Le Belge francophone Paul Magnette cultive décidément sa double image d’acteur politique et de penseur. Dans son pays, certains évoqueront plutôt son ambiguïté, tant y est rare cette capacité à assumer de front un rôle politique de premier plan − il est maire de Charleroi, dirige le Parti socialiste et ne cache plus son ambition d’être premier ministre − et un autre de réflexion − il est professeur à l’Université libre de Bruxelles (ULB).
Du cinéaste italien marxiste Pier Paolo Pasolini à la citoyenneté européenne en passant par l’accord de libre-échange entre le Canada et l’Union européenne CETA, de l’analyse des régimes politiques à un manifeste « écosocialiste » en 2022 : en une vingtaine d’années, l’ancien directeur de l’Institut d’études européennes de l’ULB a accumulé une douzaine d’ouvrages, auxquels on peut ajouter le récit, plus modeste, d’une découverte à vélo de sa région ou un traité sur l’une de ses passions, le pain…
Cette fois, c’est sur le sens et la valeur du travail que se penche le Wallon. L’Autre Moitié du monde, c’est, selon lui, celle qui souffre et subit les conséquences de la financiarisation de l’économie, de la mondialisation, des restructurations et de la dégradation des conditions de travail. Celle qui pourrait être tentée de céder aux sirènes des mouvements autoritaires qui instrumentalisent la peur du déclassement pour renforcer leur poids.
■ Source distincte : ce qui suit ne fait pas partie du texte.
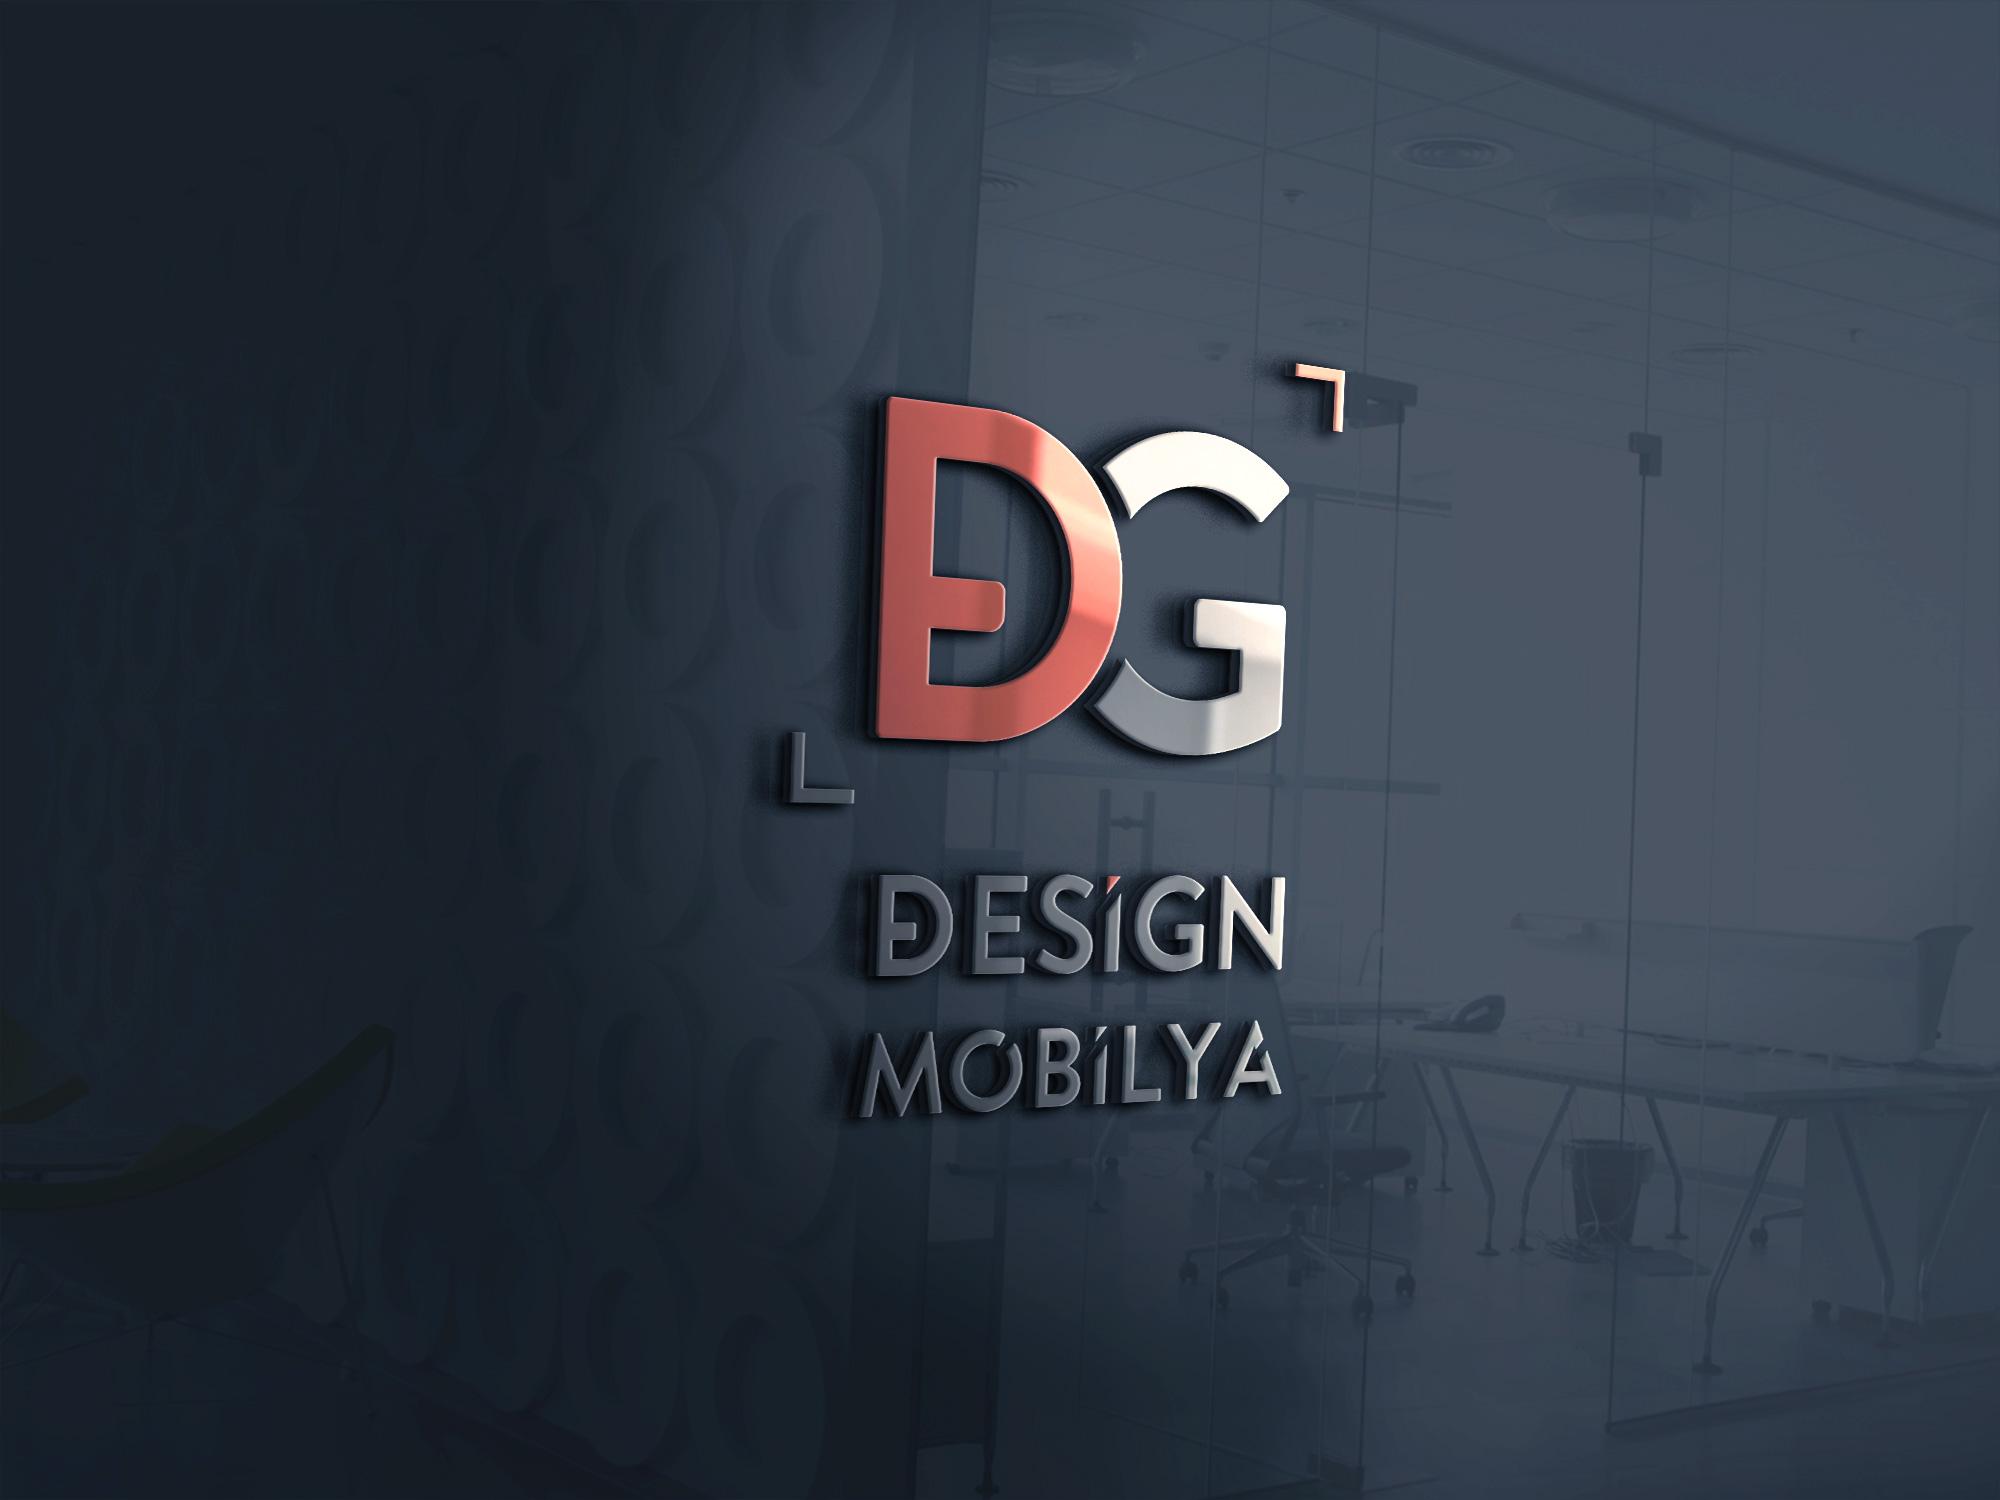 dg design dikey - Neler Yaptık?
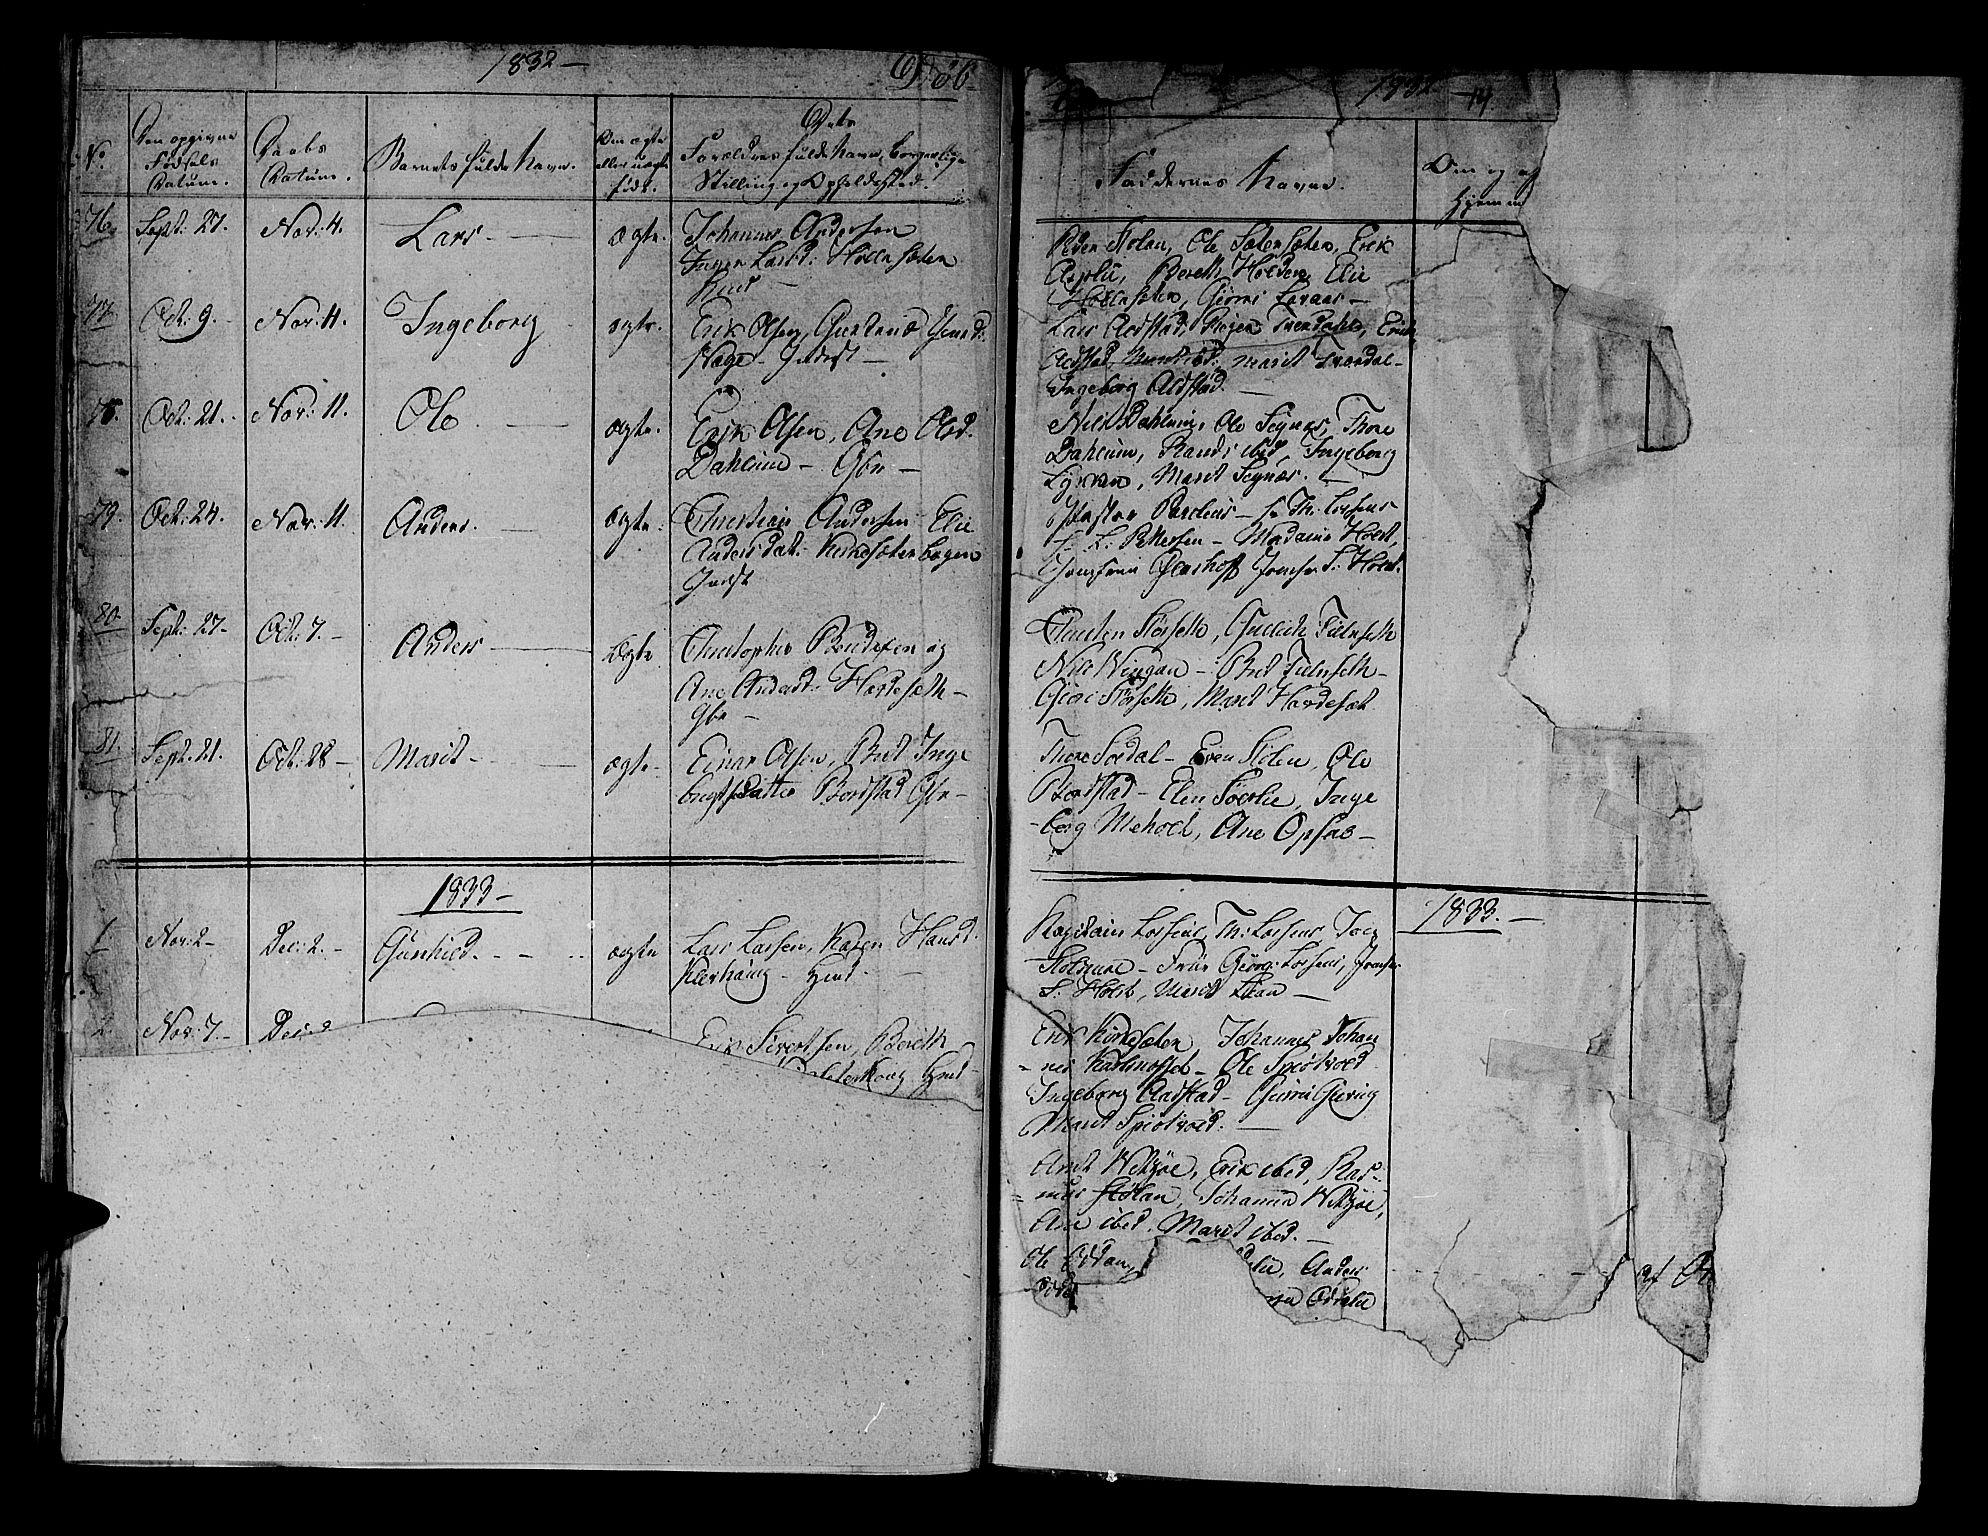 SAT, Ministerialprotokoller, klokkerbøker og fødselsregistre - Sør-Trøndelag, 630/L0492: Ministerialbok nr. 630A05, 1830-1840, s. 14

Celle qui est, en tout cas, persuadée que la critique de l’« assistanat » dont bénéficieraient un bon nombre de ses congénères est justifiée.
En 2007, se souvient l’auteur, Nicolas Sarkozy flattait « le salarié qui voit l’assisté s’en tirer mieux que lui pour boucler ses fins de mois sans rien faire ». Mais, en 2022, Fabien Roussel, le secrétaire national du Parti communiste français, enchaînait, affirmant que « la gauche doit défendre le travail, et ne pas être la gauche des allocations et des minima sociaux ». Voilà donc consacrée « l’hégémonie culturelle de la droite, qui n’en espérait pas tant », déplore Paul Magnette.
Convaincre les jeunes générations
A quelques mois d’élections générales en Belgique, au cours desquelles il combattra à la fois la droite libérale et la gauche radicale – le Parti du travail de Belgique –, le dirigeant de ce qui fut naguère le Parti ouvrier belge soutient que « l’enjeu de notre temps consiste à réaffirmer le sens et la valeur du travail ».
Un but ambitieux à l’issue d’une pandémie qui a introduit une rupture dans le rapport au travail et modifié, durablement peut-être, les attentes des jeunes générations. A priori, il ne sera pas évident de les convaincre non seulement que le labeur n’est pas qu’un fardeau, mais, en outre, qu’il est possible d’abolir les rapports de domination qui le structurent encore souvent.